Attila the Hun, ?-453 AD

Attila the Hun, ?-453 AD

Fun Facts About Attila the Hun

Attila’s Rise to Power

Called the Scourge of God by the Romans, Attila the Hun was king and general of the Hun empire from A.D. 433 to 453. Succeeding his uncle, King Roas, in 433, Attila shared his throne with his brother Bleda. He inherited the Scythian hordes who were disorganized and weakened by internal strife. Attila’s first order of affairs was to unite his subjects for the purpose of creating one of the most formidable and feared armies Asia had ever seen.

Peace Treaty Between Rome and Attila the Hun

In 434 East Roman Emperor Theodosius II offered Attila and Bleda 660 pounds of gold annually with hopes of securing an everlasting peace with the Huns. This peace, however, was not long lived. In 441 Attila’s Huns attacked the Eastern Roman Empire. The success of this invasion emboldened Attila to continue his westward expansion. Passing unhindered through Austria and Germany, Attila plundered and devastated all in his path.

Attila Attacks Italy

In 451, having suffered a setback on the Plains of Chalons, by the allied Romans and Visigoths, Attila turned his attention to Italy. After having laid waste to Aquileia and many Lombard cities in 452, the Scourge of God met Pope Leo I who dissuaded him from sacking Rome.

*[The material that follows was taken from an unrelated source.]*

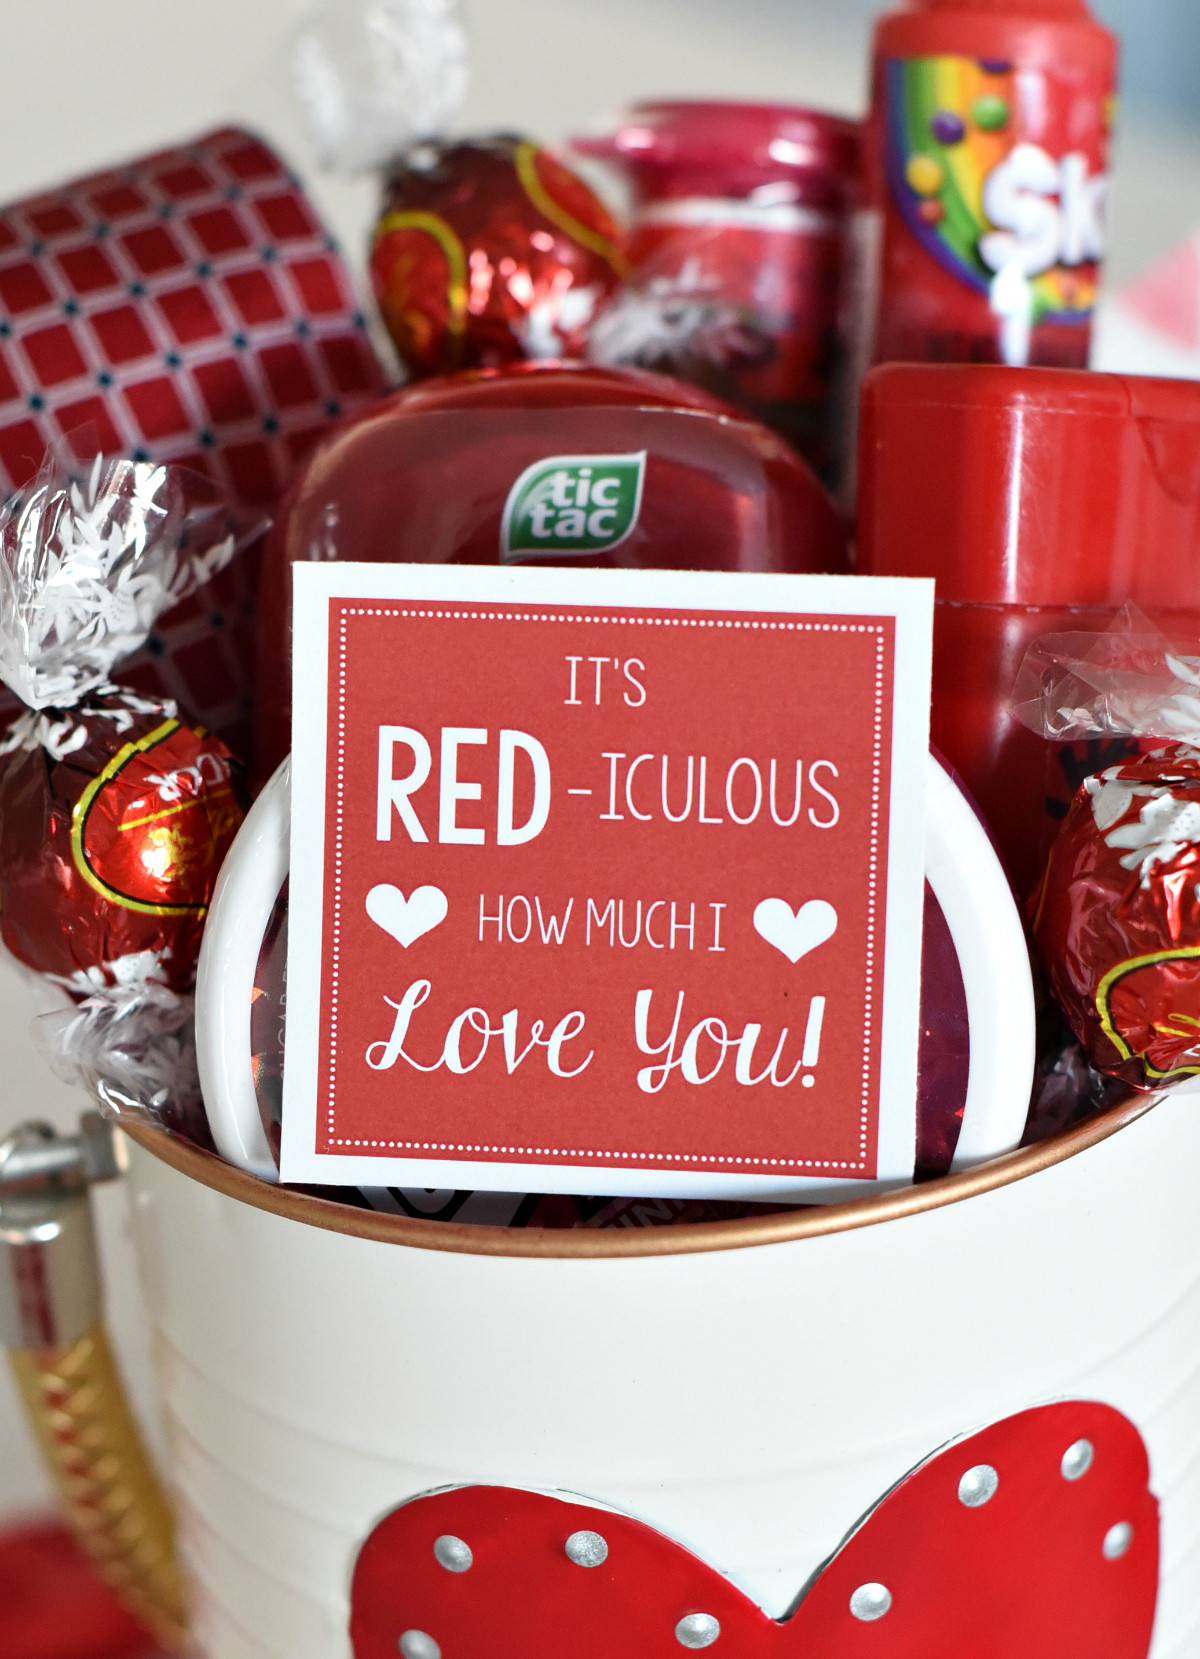 Cute Valentines Day Gifts Lovely Cute Valentine S Day Gift Idea Red Iculous Basket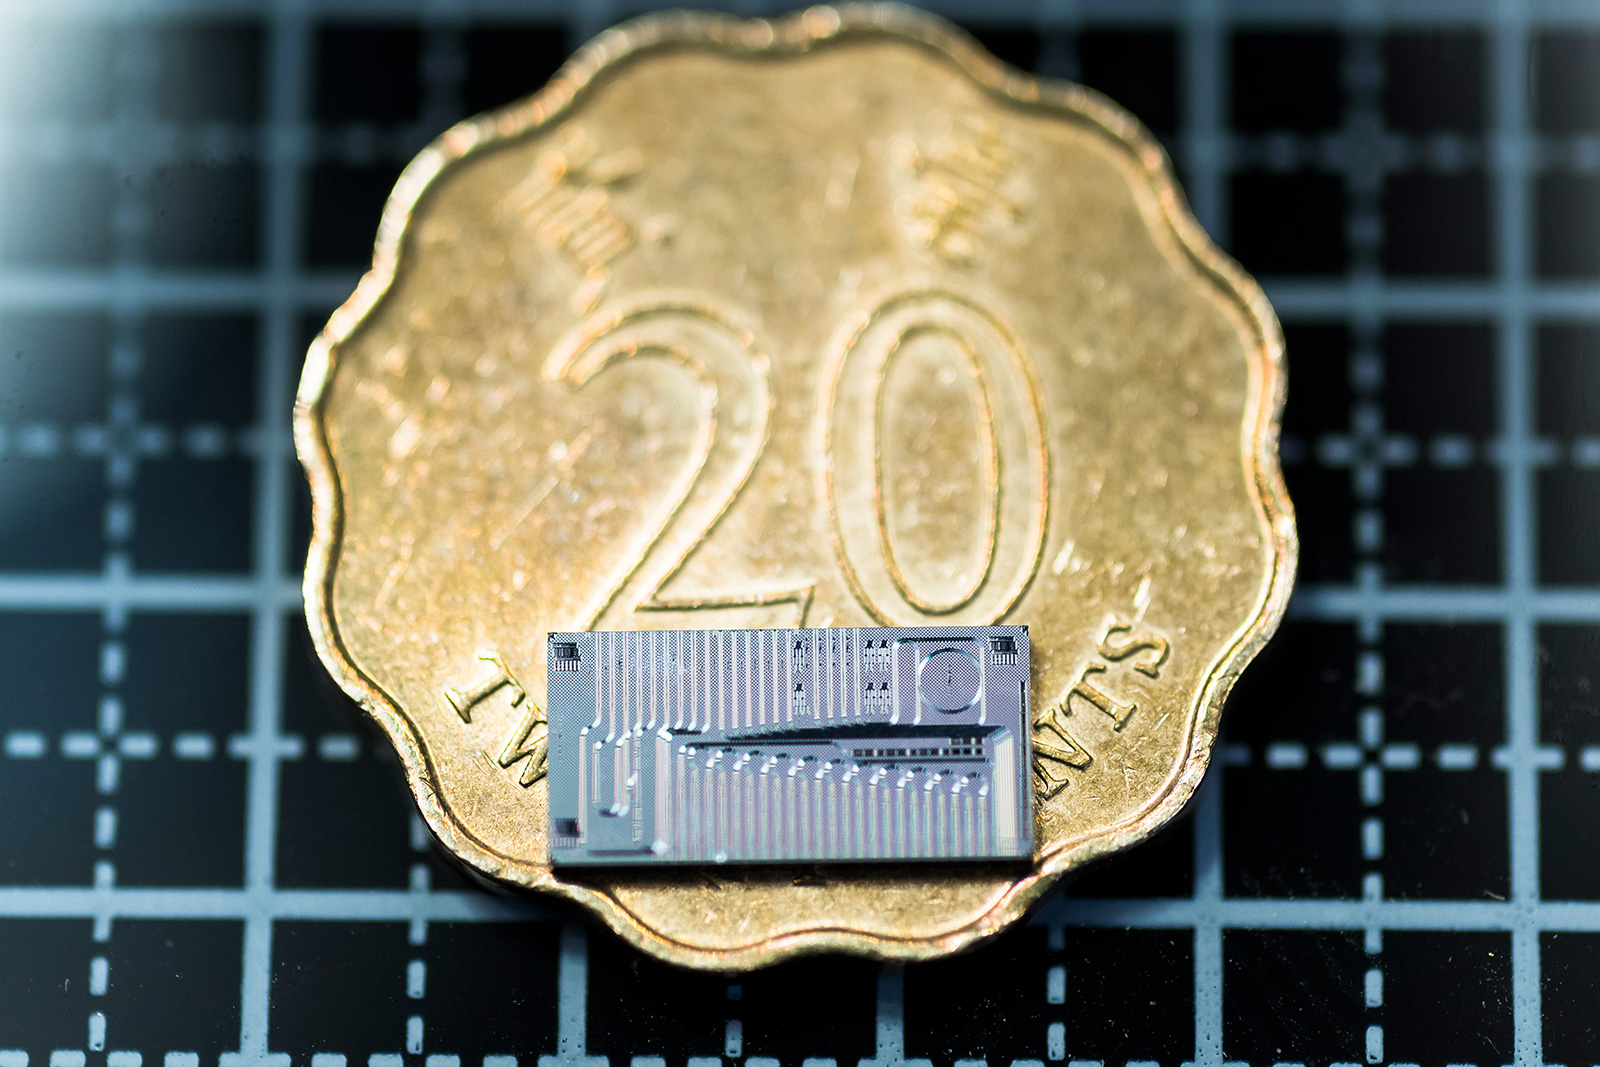 The micro-ring resonator chip used in the research.

Attila’s Ignominious Death

Attila’s death in 453 wasn’t quite what one would have expected from such a fierce barbarian warrior. He died not on the battlefield, but on the night of his marriage. On that night Attila, who, despite common misconceptions, was not a heavy drinker, drank heavily in celebration of his new bride. In his wedding chambers at the end of the event, Attila passed out flat on his back. It was then and there that Attila had a massive nosebleed which caused him to choke on his own blood.